Beware of investment based on a transient

We see then, that these three things: 1-proactively designing and constructing for supply and demand geographies, 2-distal energy transmission, and 3-advances in energy storage – will all have vast impacts on the current renewable intermittency issues. That means in turn that it will become easier to use renewable power that does exist. That means the demand for it will rise.  Does that mean the price will also rise? Who knows, we shall see. It depends on the cost of making the supply, and the level of demand - so very hard to say.  
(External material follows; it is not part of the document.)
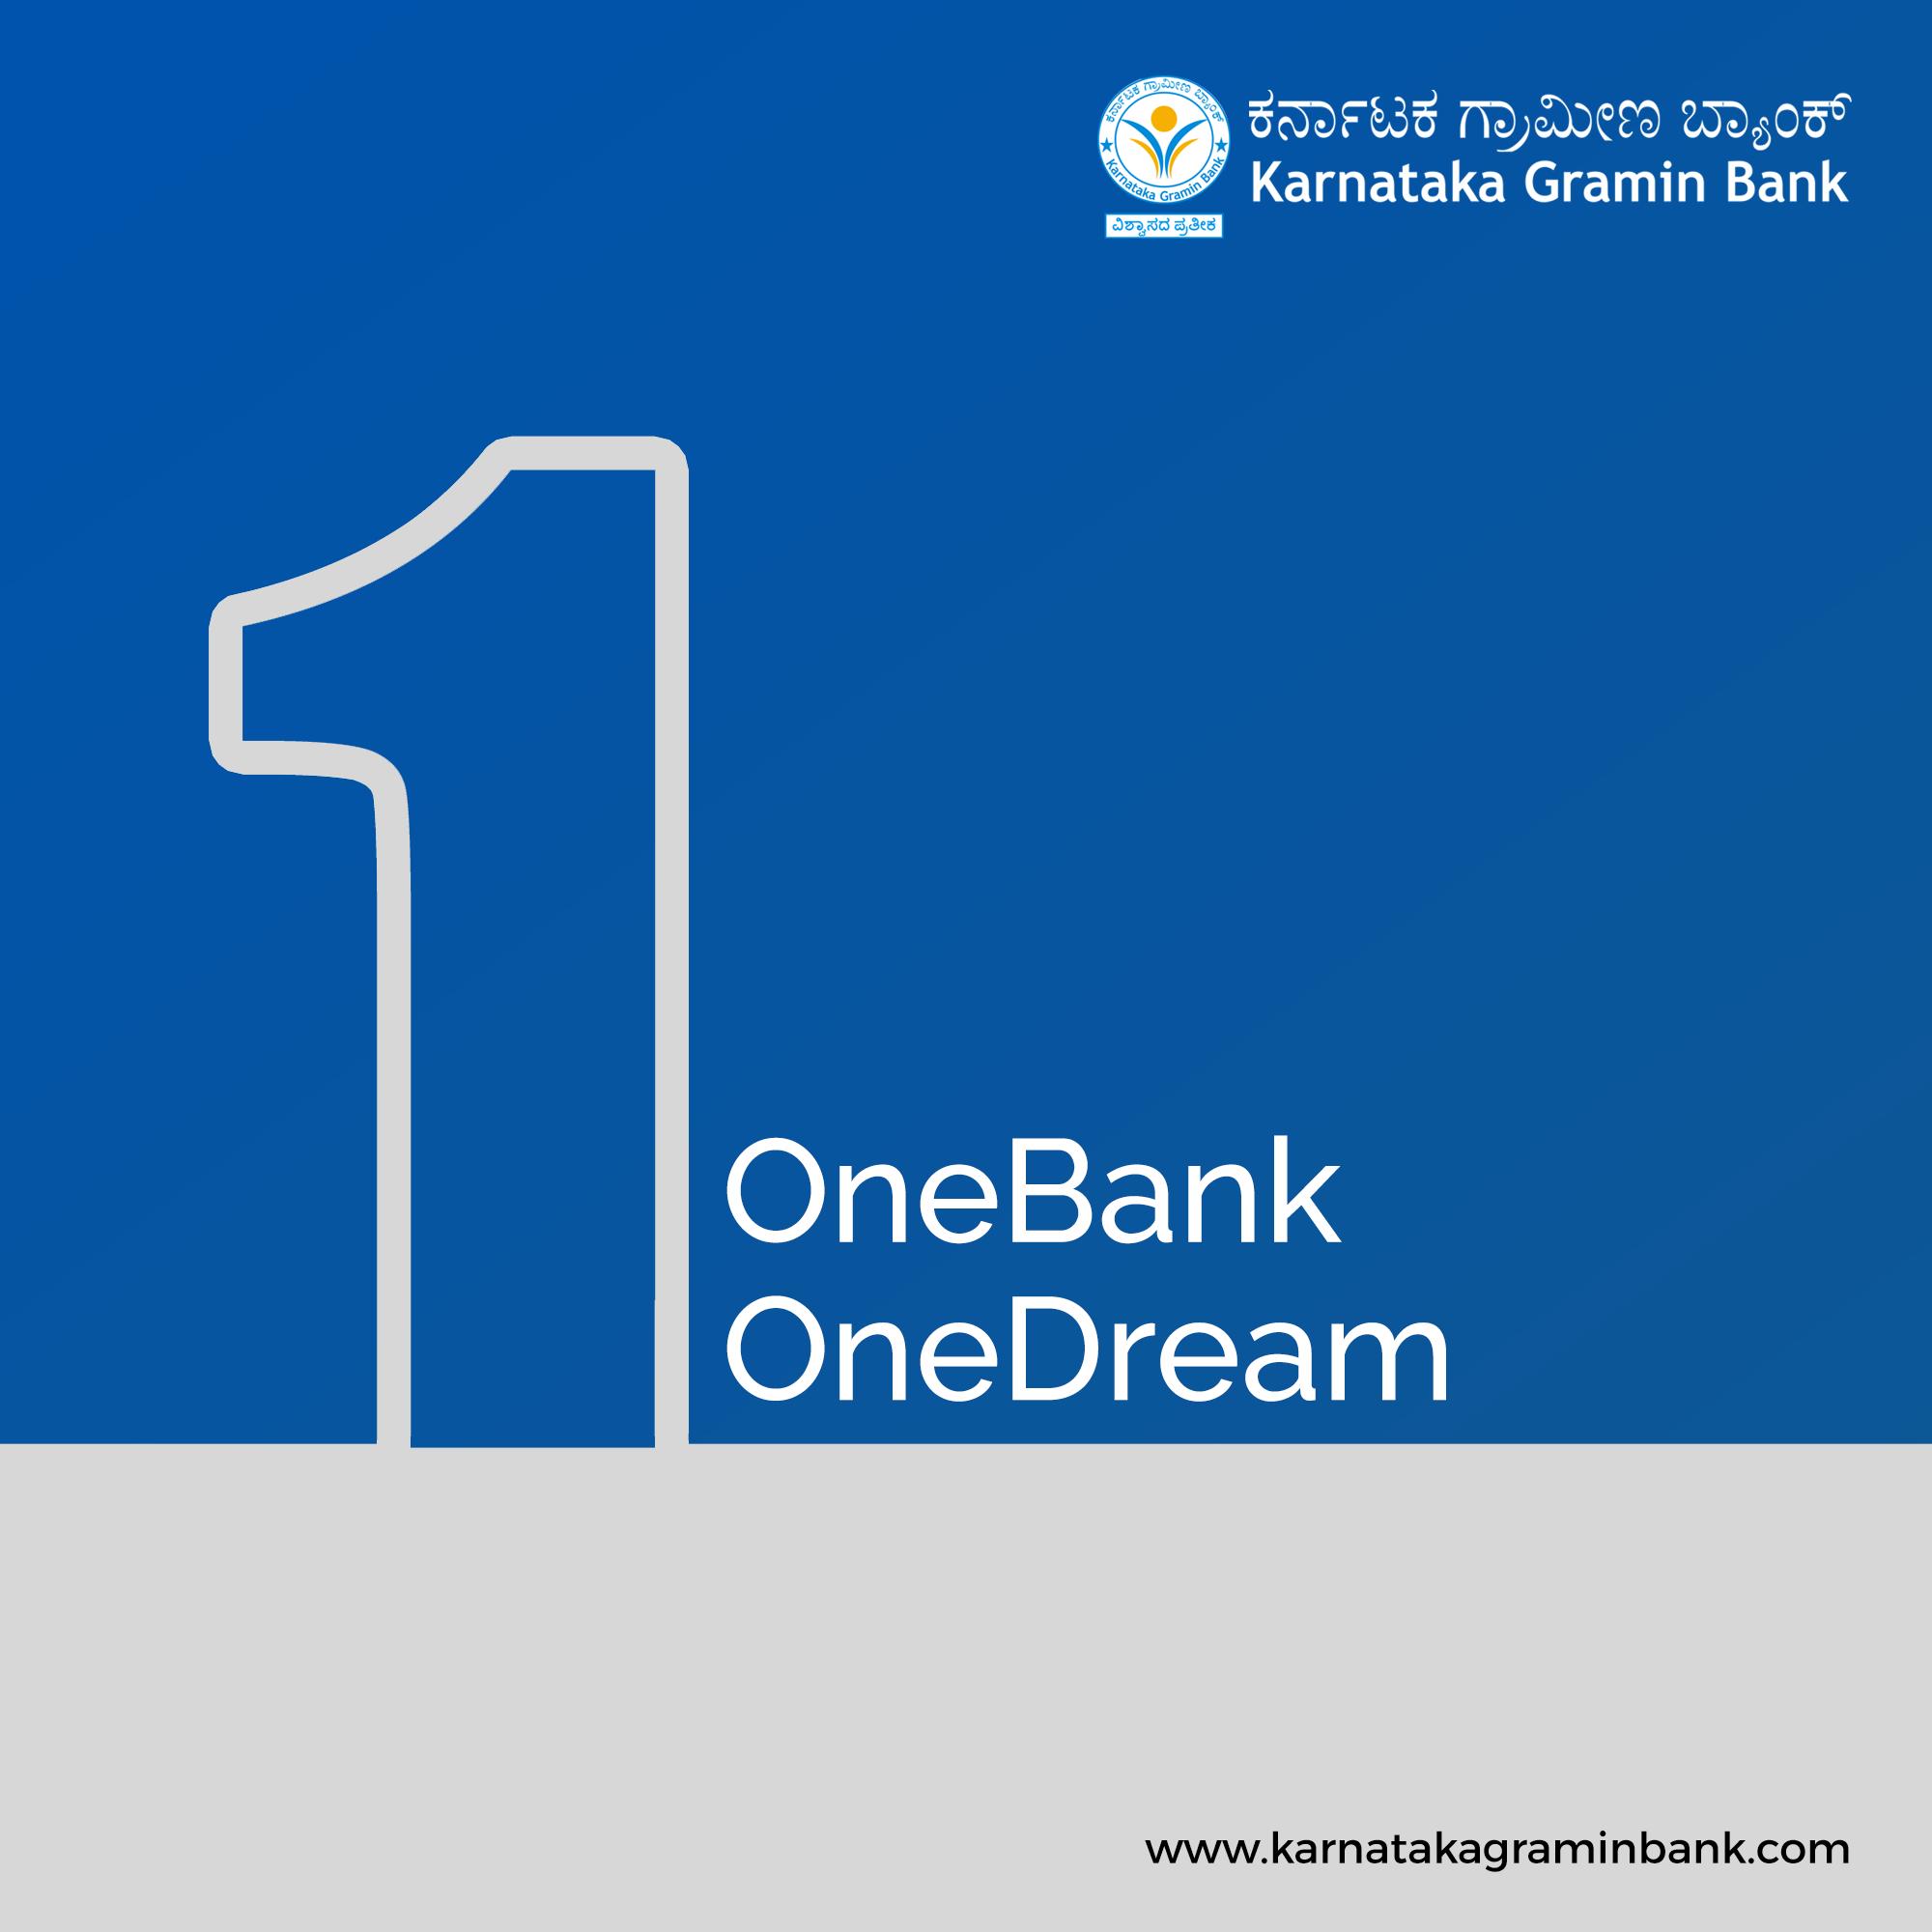 Karnataka Gramin Bank Is Now Bigger And Better The Biggest Rrb Of The Country One Bank One Dream Kgb Karnatakag Karnataka Mobile Banking Business Loans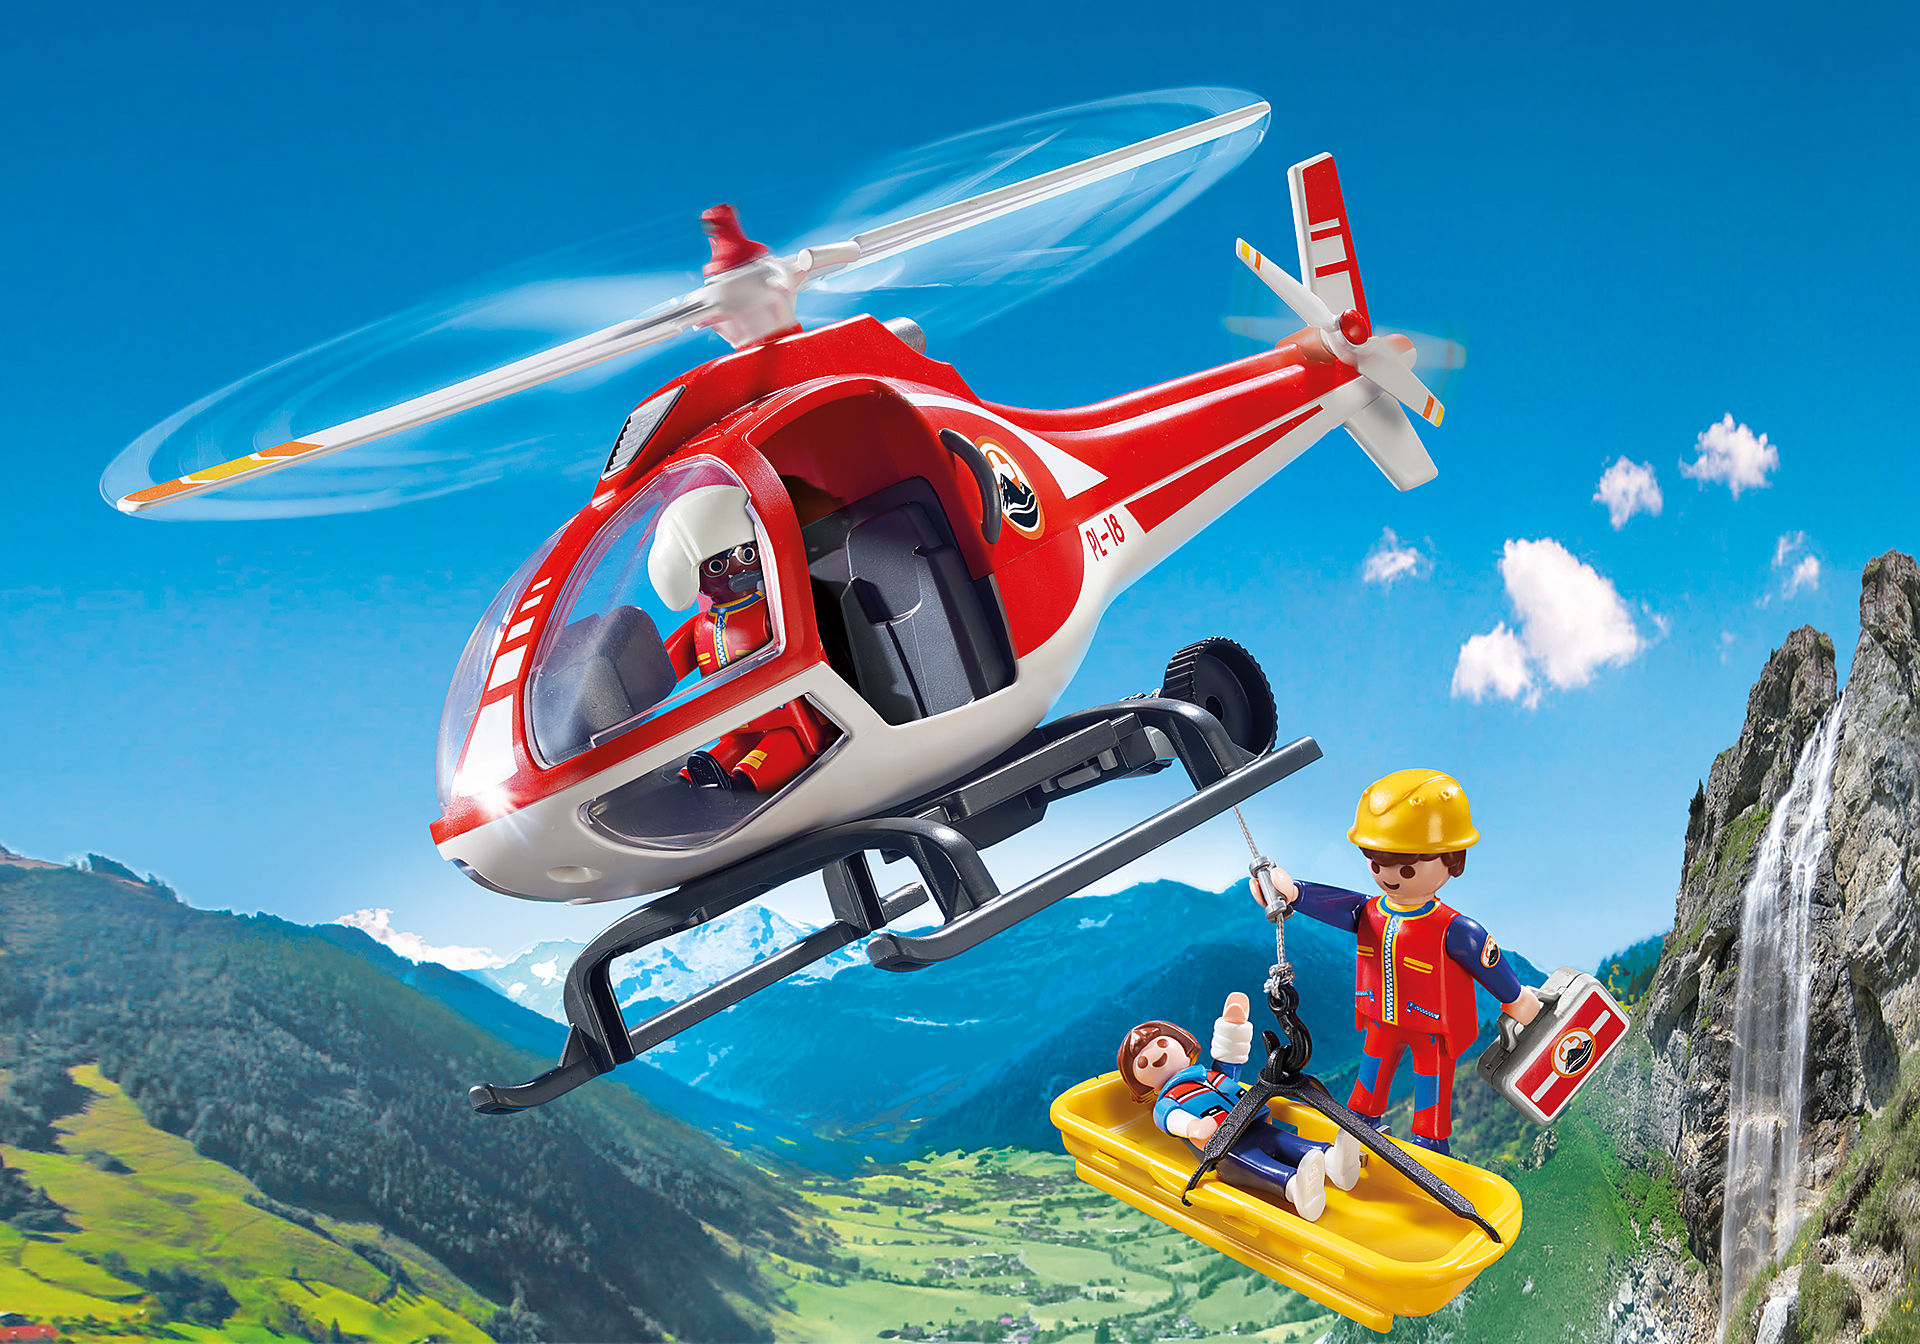 http://media.playmobil.com/i/playmobil/9127_product_detail/Secouristes des montagnes avec hélicoptère

Suffice to say that assumptions of a steady decrease in the price of power should be treated with great caution. If we go from a situation where power supplies 20-25% of a nation’s primary energy (as is typical of many OECD economies now) to one where it supplies 75-80%, then price assumptions as we know them will be thrown out the window.   Especially where there is a commodity crunch on the raw materials to make the exergy harvesting machines we need.

In other words, renewable power intermittency may well be a transient phenomenon. Investing on the basis that it will stay the way it is now, is making an assumption that is very shaky.  

The implications for efficiency

What this means, very simply, is that where there are surpluses in renewably sourced exergy now, they may not be long lived. Power demand will go up, and the frequency of surplus situations will go down. That means, there will be an increasing imperative with time, to make the best use of what renewable exergy there is. That in turn means there will be an increasing drive to use it most efficiently. Especially in the context of energy storage. As these issues become increasingly acute, governments will most likely want to become more involved in managing the best use of renewable exergy. Much more so than they are now.  

For now it may be enough that a supplier and customer are happy, but be warned, as the demand for renewable exergy increases, regulators are going to be ever more invested in ensuring the optimal use of its supply to as many customers as possible. 

Plan and invest accordingly – neglect efficiency at your peril. 

For now the efficiency police might seem like an annoying social media presence raining on the parades of renewable energy surpluses. Take note however, that as things evolve, the efficiency police may morph into something far more official with far more legal and regulatory clout than is currently the case. 

There may be a window of opportunity over the next decade or so, maybe a bit longer, when it frequently doesn’t matter so much (at least from a medium term investment perspective). My money, however, is that after that time, it will matter, far more. The forthcoming crunches on renewable exergy demand haven’t even begun. Such crunches will become the domain of an efficiency police force far more vigorous than anything that exists now.